As the expression $\ln(1+x)-x\lt0$ for all non-zero $x$, the integrand is $\exp(-s)$ for some large quantity $s$, as $z\to\infty$. On the interval $(-1,0)$, $\ln(1+x)-x$ diverges rapidly to $-\infty$, even more so in multiplication by large $z$, and hence the exponential decays quickly to $0$. Likewise, on the interval $(0,\infty)$ the integrand goes sharply to $0$. We may then consider the integrand as non-negligible for $x$ in a small neighbourhood of $0$, and as such the Maclaurin expansion of $\ln(1+x)$ may be used to get the integrand as $\exp(-z\cdot\frac{x^2}{2})\cdot\exp(-z\cdot O(x^3))$ as $x\to0$. As $z$ gets larger, the neighbourhood in which the integrand is non-negligible gets smaller, and thus the $O(x^3)$ term vanishes. We now obtain: $$z!\approx z^{z+1}e^{-z}\int_{-\infty}^\infty\exp\left(-z\cdot\frac{x^2}{2}\right)\,dx$$ For large $z$, extending the lower bound to $-\infty$ as that extra area is again negligible. The Gaussian integral now returns $z!\approx z^{z+1}e^{-z}\sqrt{2\pi/z}=z^ze^{-z}\sqrt{2\pi z}$

There are many problems here, in my view. We first are discarding the majority of the range of integration, invoking a Maclaurin approximation but discarding the $O(x^3)$ term without proof that this does not affect things (for example, could I not simply include the $x^3$ term as well, losing the beloved Gaussian integral, and then truncate at $x^4$ instead), and then re-instating a much larger range of integration - the entire real line - of a different function. We also have not shown that the negligible portions of the integral remain negligible even under multiplication by $z^{z+1}e^{-z}$. We are also missing the important aspect of asymptotic equivalence: we have only (heuristically) shown that $z!\in\Theta(z^ze^{-z}\sqrt{2\pi z})$. The curious thing is, all the steps I balk at are in fact, as visually corroborated by Desmos, fairly good approximations anyway - but I have no idea how to show that, as there are too many moving parts and shortcuts in this argument for me to handle.

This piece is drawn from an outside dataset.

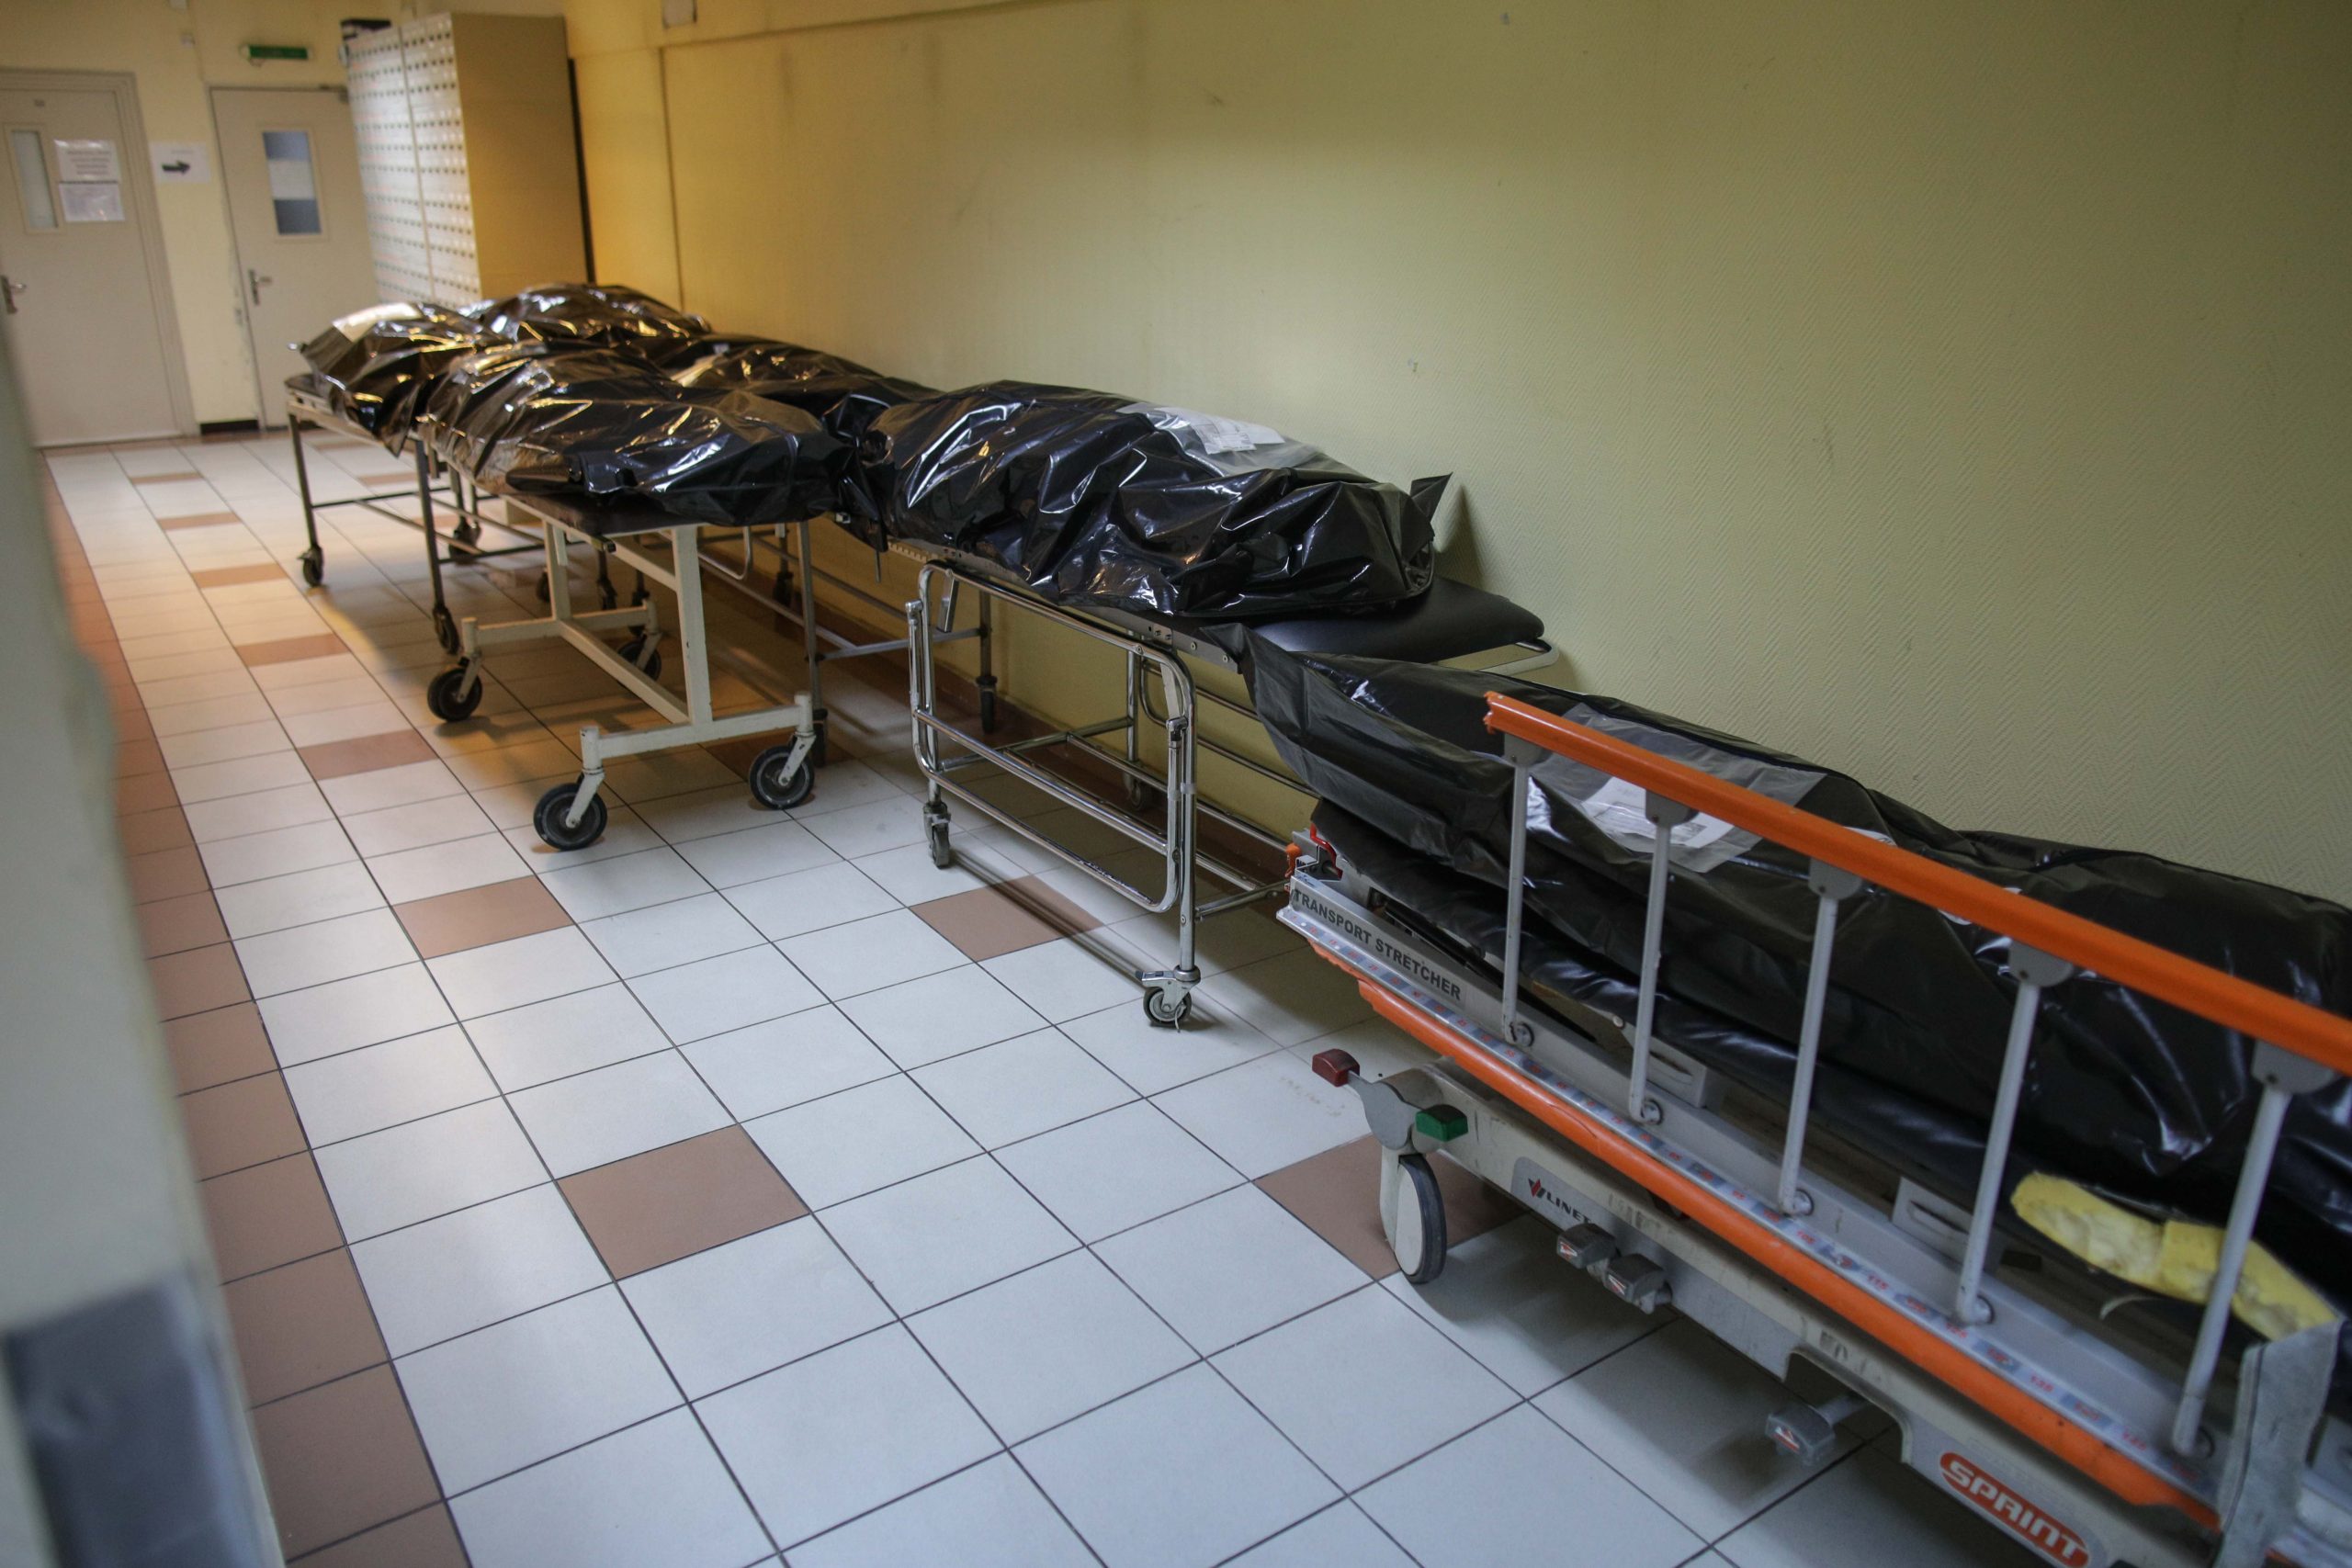 Autopsierii de la morga Spitalului Județean Suceva, trimiși în judecată pentru mită, înșelăciune și furt
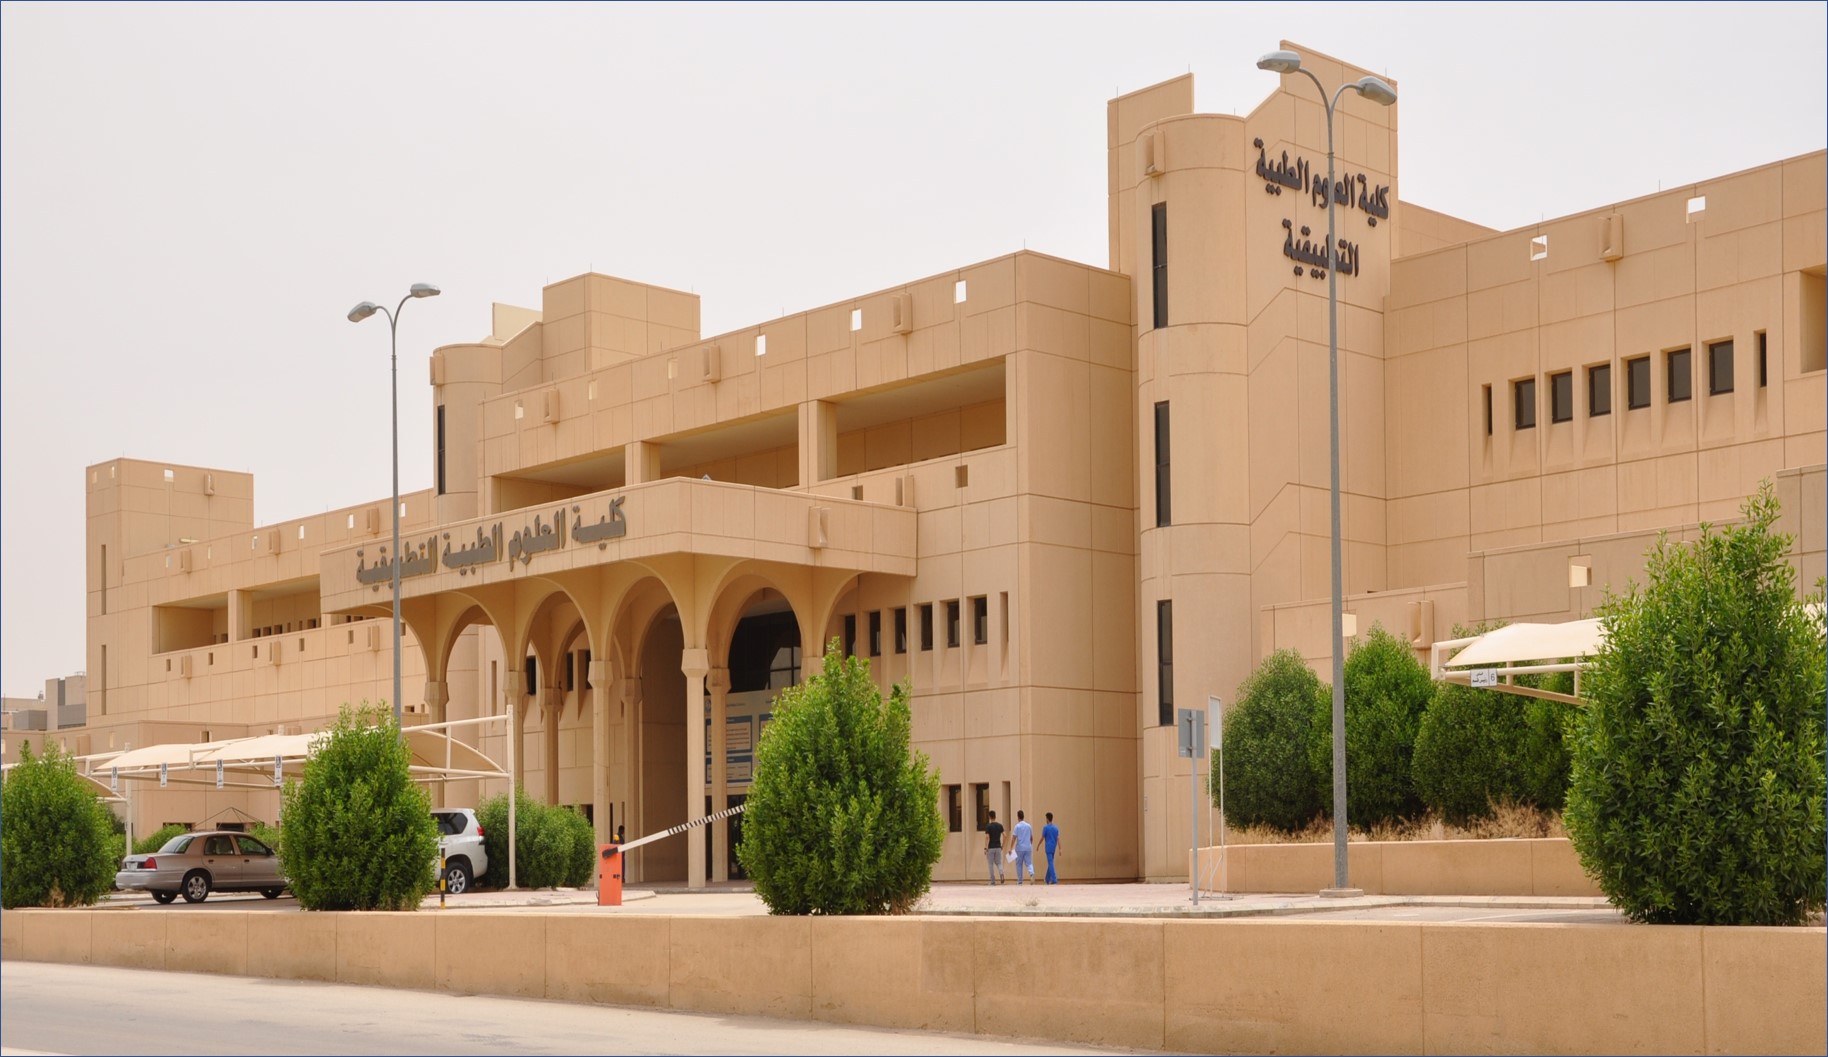 عااجل 122 وظيفة بالمدينة الطبية في جامعة الملك سعود

My question: is the argument rigorously salvageable, or should I give up and look to another approach?
Many thanks.
 A: Allow me to use $t$ instead of $z$ since $z$ is usually thought of as a complex variable. The argument can be made rigorous; here is a precise claim that we will prove using the outline you gave:
$$
\lim_{t\to\infty}\frac{\int_{-1}^\infty e^{t[\ln(1+x)-x]}\,dx}{\sqrt{2\pi/t}} = 1.
$$
In particular, we will prove the limit exists. As an immediate consequence, we will prove Stirling's approximation:
$$
\lim_{t\to\infty}\frac{t!}{t^te^{-t}\sqrt{2\pi t}} = 1.
$$
One way to make this kind of argument rigorous is to introduce a parameter $\newcommand{\eps}{\varepsilon} \eps > 0$ and split the region of integration into $(-1,-\eps)\cup(-\eps,\eps)\cup(\eps,\infty)$, and estimate each piece separately. We will always assume $\eps\in(0,1/10)$ is fixed.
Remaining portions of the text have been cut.